### PROVIDED MATERIAL:

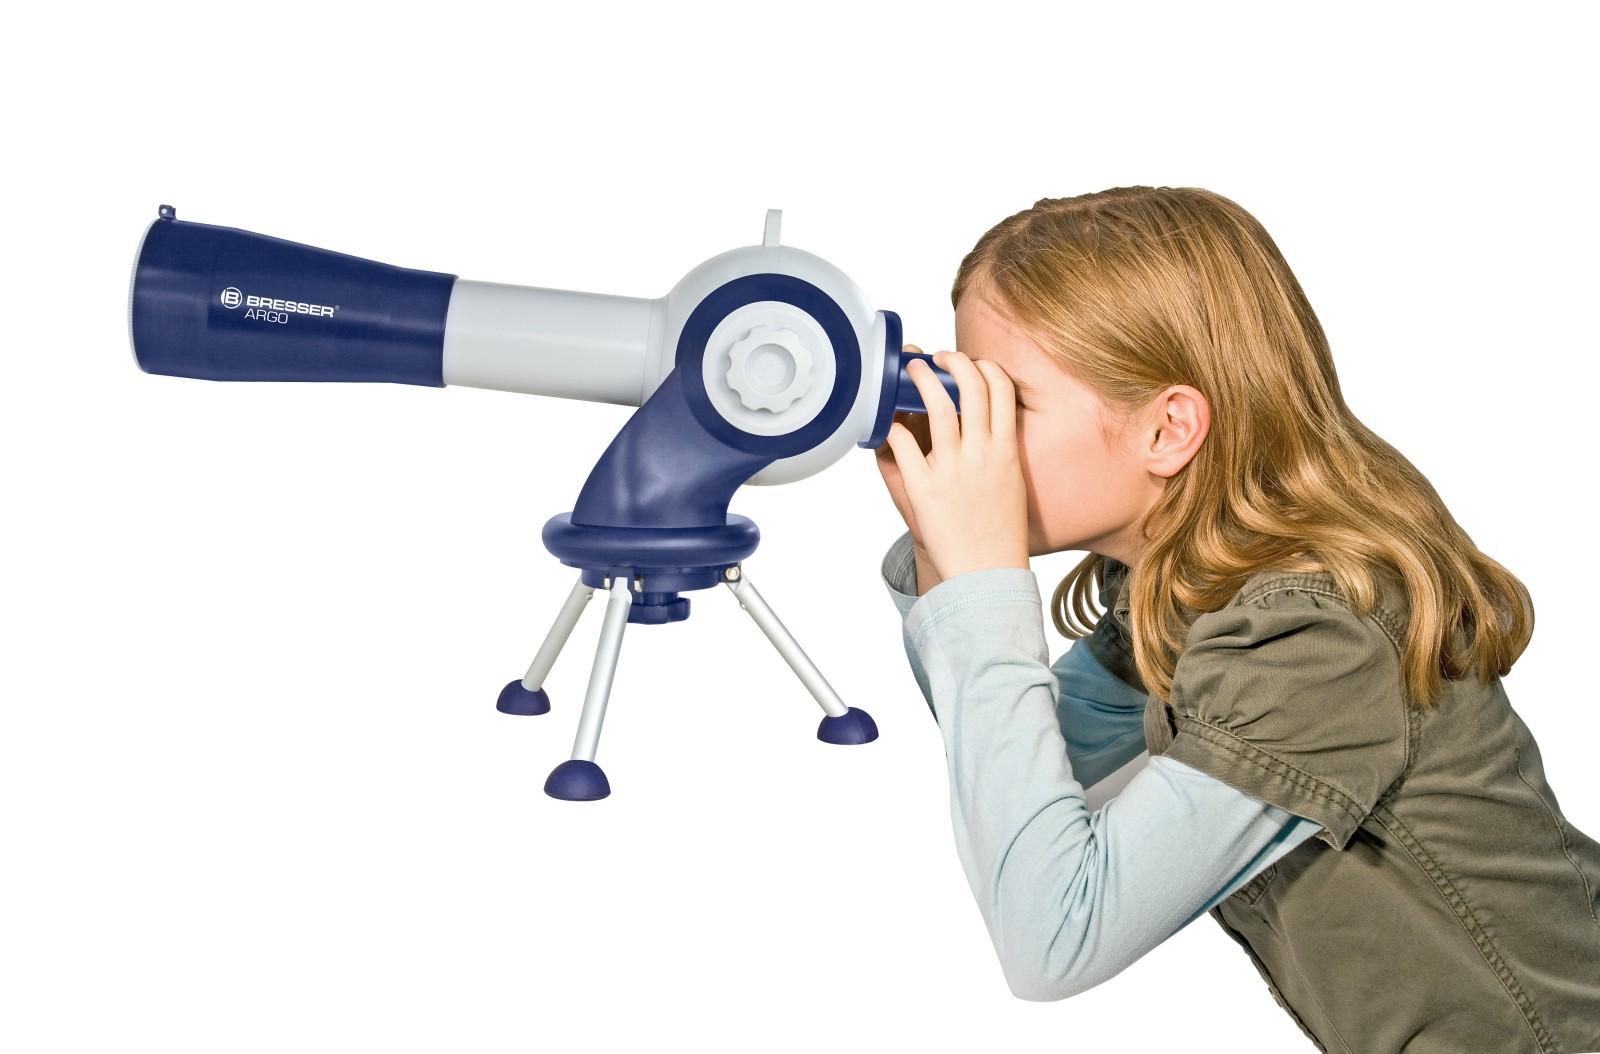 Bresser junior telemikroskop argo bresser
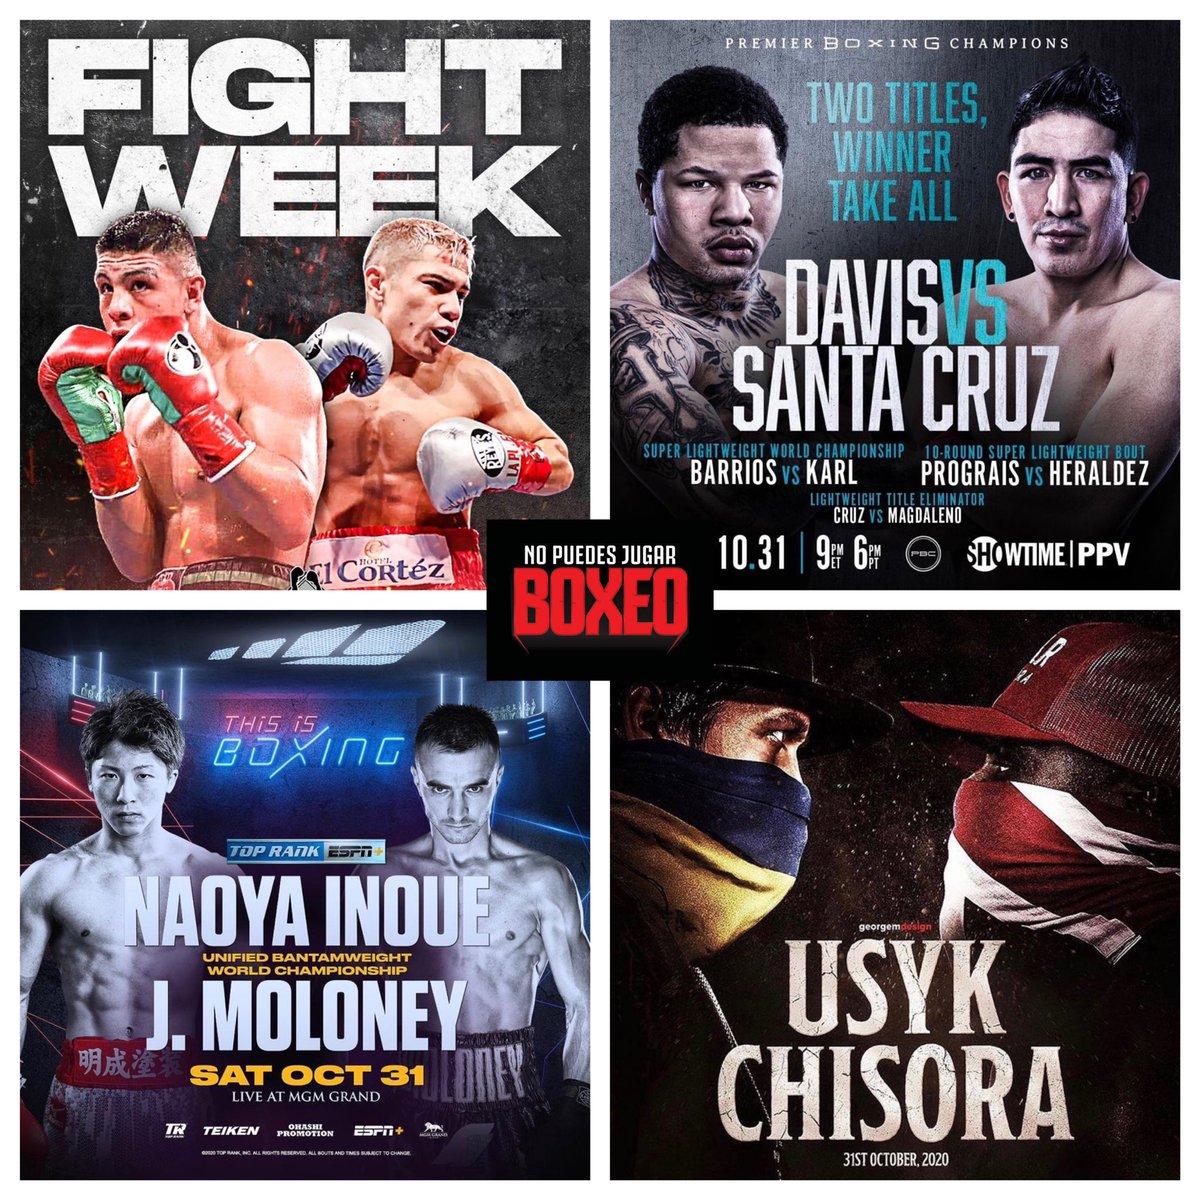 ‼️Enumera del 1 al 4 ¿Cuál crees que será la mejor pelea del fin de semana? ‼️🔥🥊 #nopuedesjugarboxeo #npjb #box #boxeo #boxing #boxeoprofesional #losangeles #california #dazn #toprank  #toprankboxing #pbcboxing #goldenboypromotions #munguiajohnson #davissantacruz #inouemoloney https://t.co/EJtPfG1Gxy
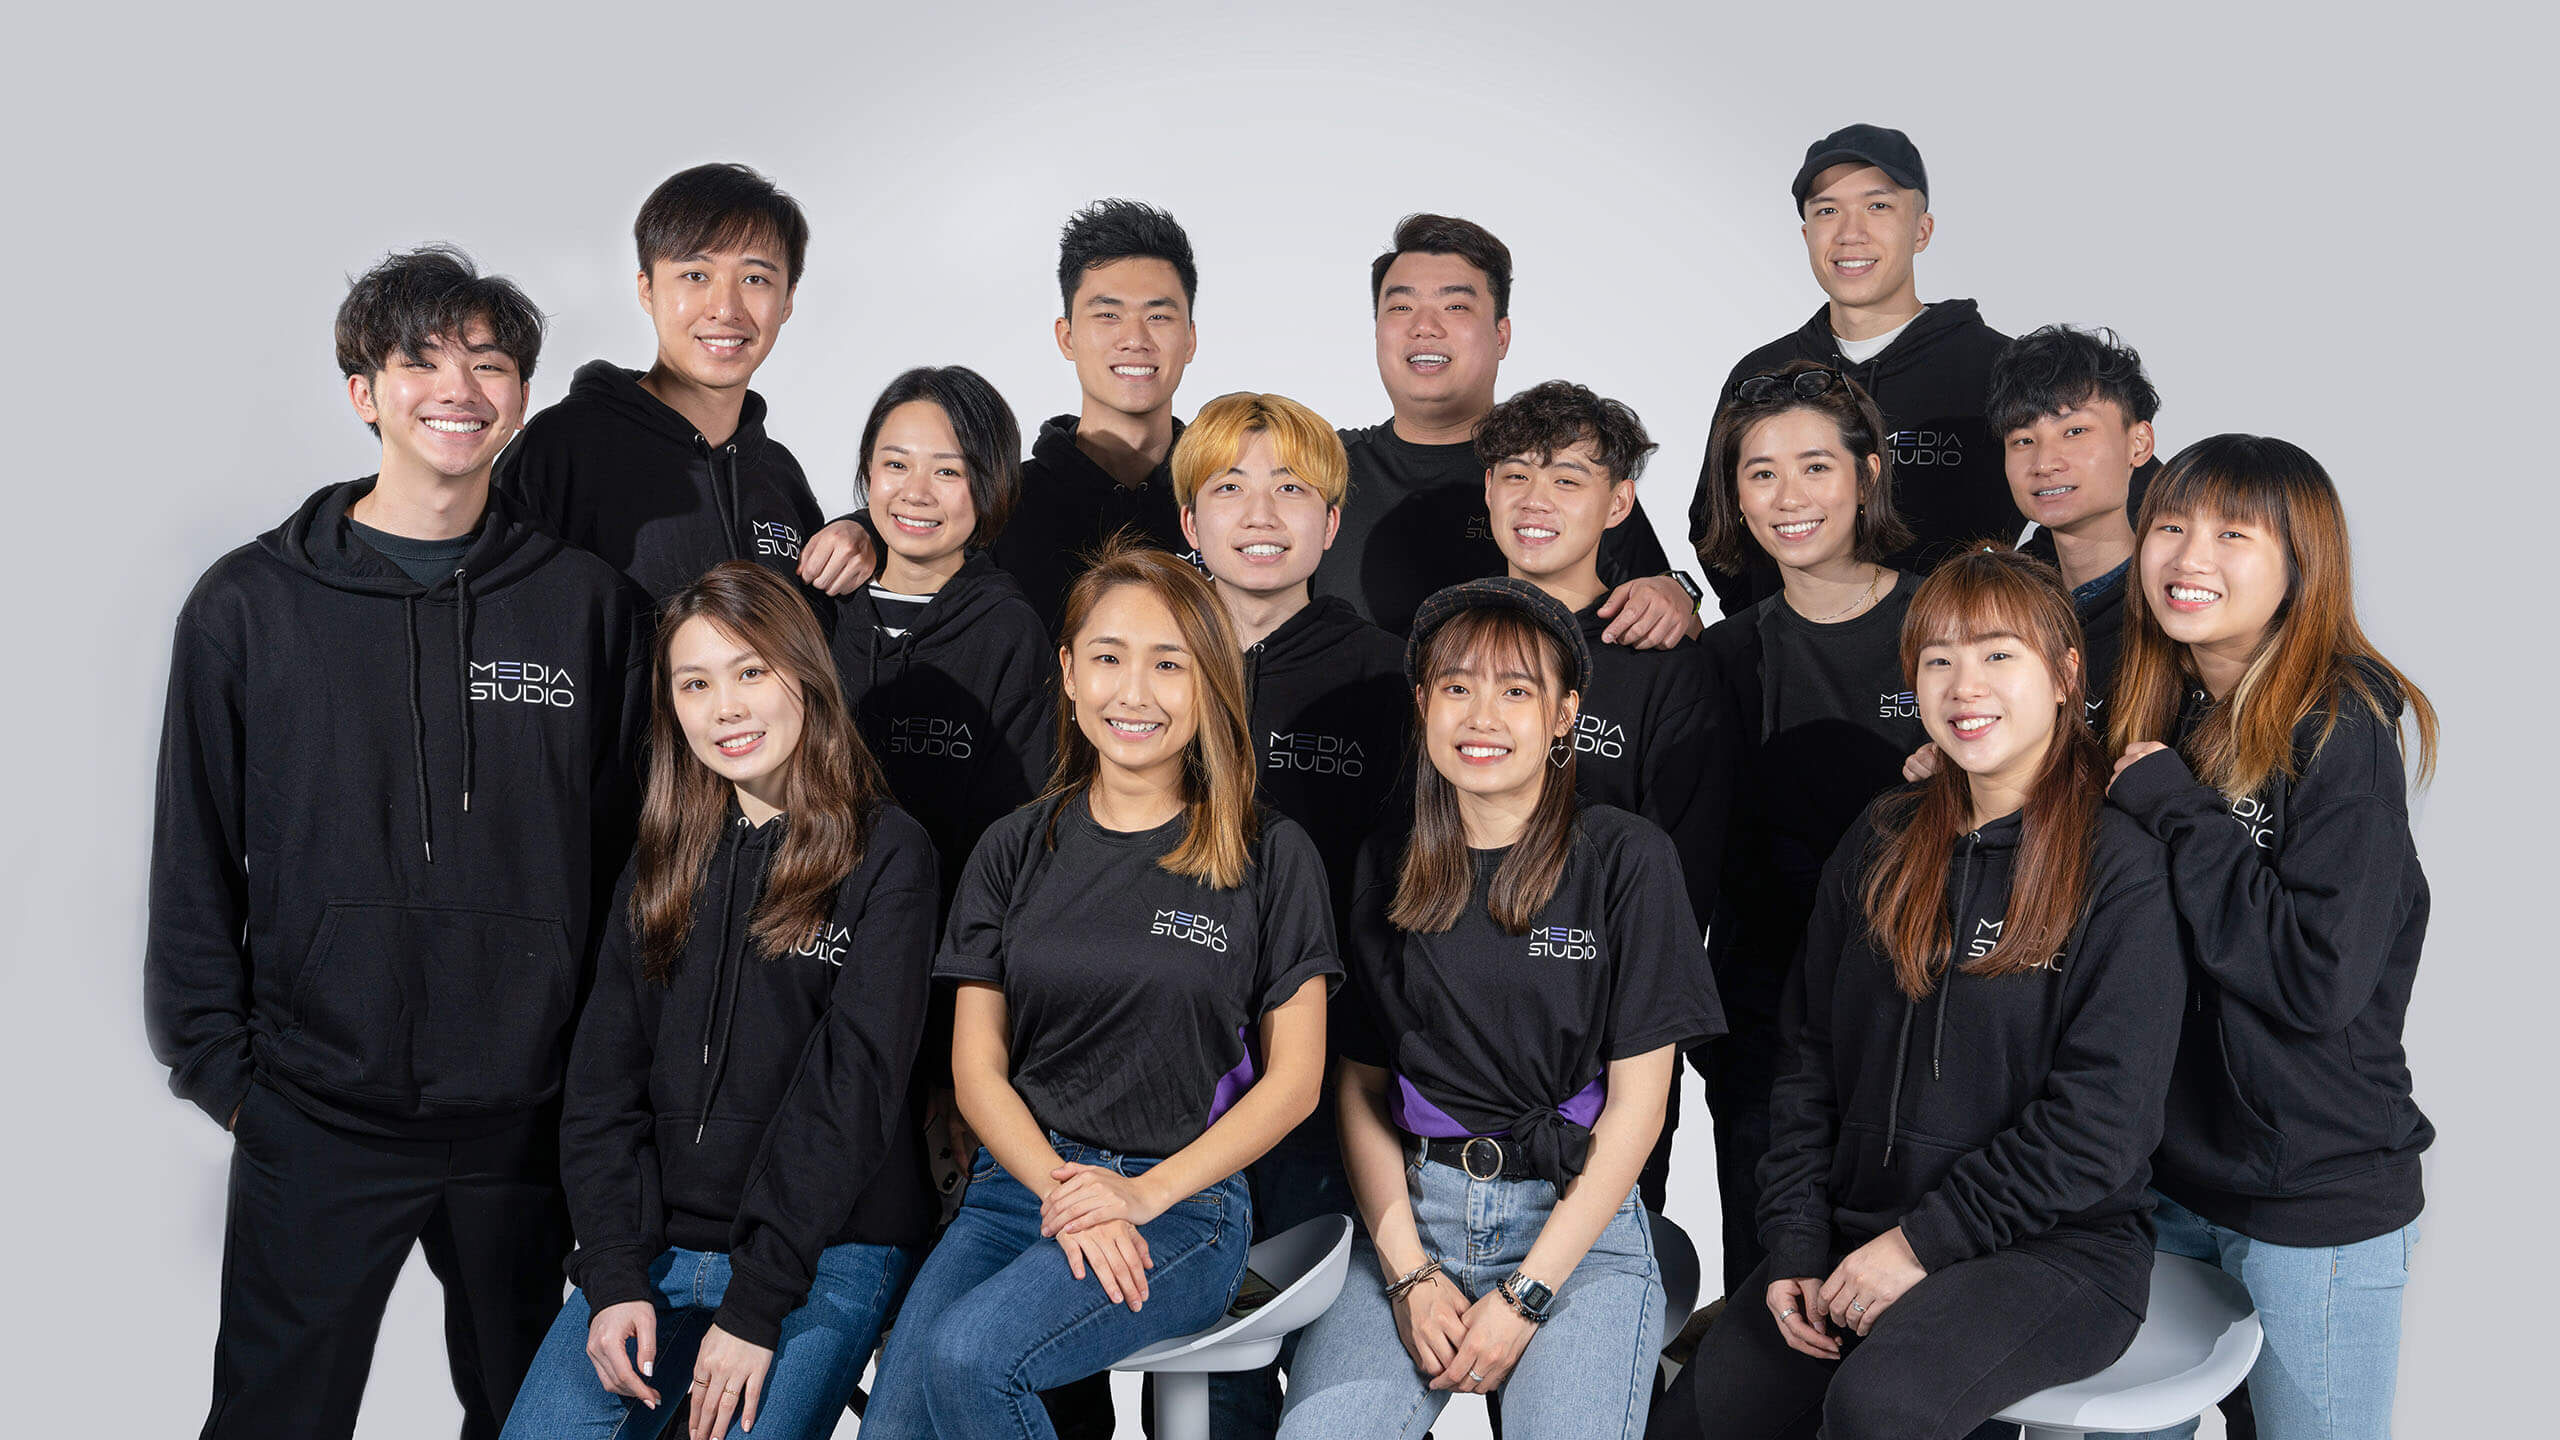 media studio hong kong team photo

### DESCRIPTION OF THE TASK:
Only the lines from the line with "#davissantacruz #inouemoloney https://t.co/EJtPfG1Gxy" through the closing line of the data, both included, should be set down, exactly as written and without pictures.

### EXPECTED ANSWER:
 ‼️Enumera del 1 al 4 ¿Cuál crees que será la mejor pelea del fin de semana? ‼️🔥🥊 #nopuedesjugarboxeo #npjb #box #boxeo #boxing #boxeoprofesional #losangeles #california #dazn #toprank  #toprankboxing #pbcboxing #goldenboypromotions #munguiajohnson #davissantacruz #inouemoloney https://t.co/EJtPfG1Gxy
 media studio hong kong team photo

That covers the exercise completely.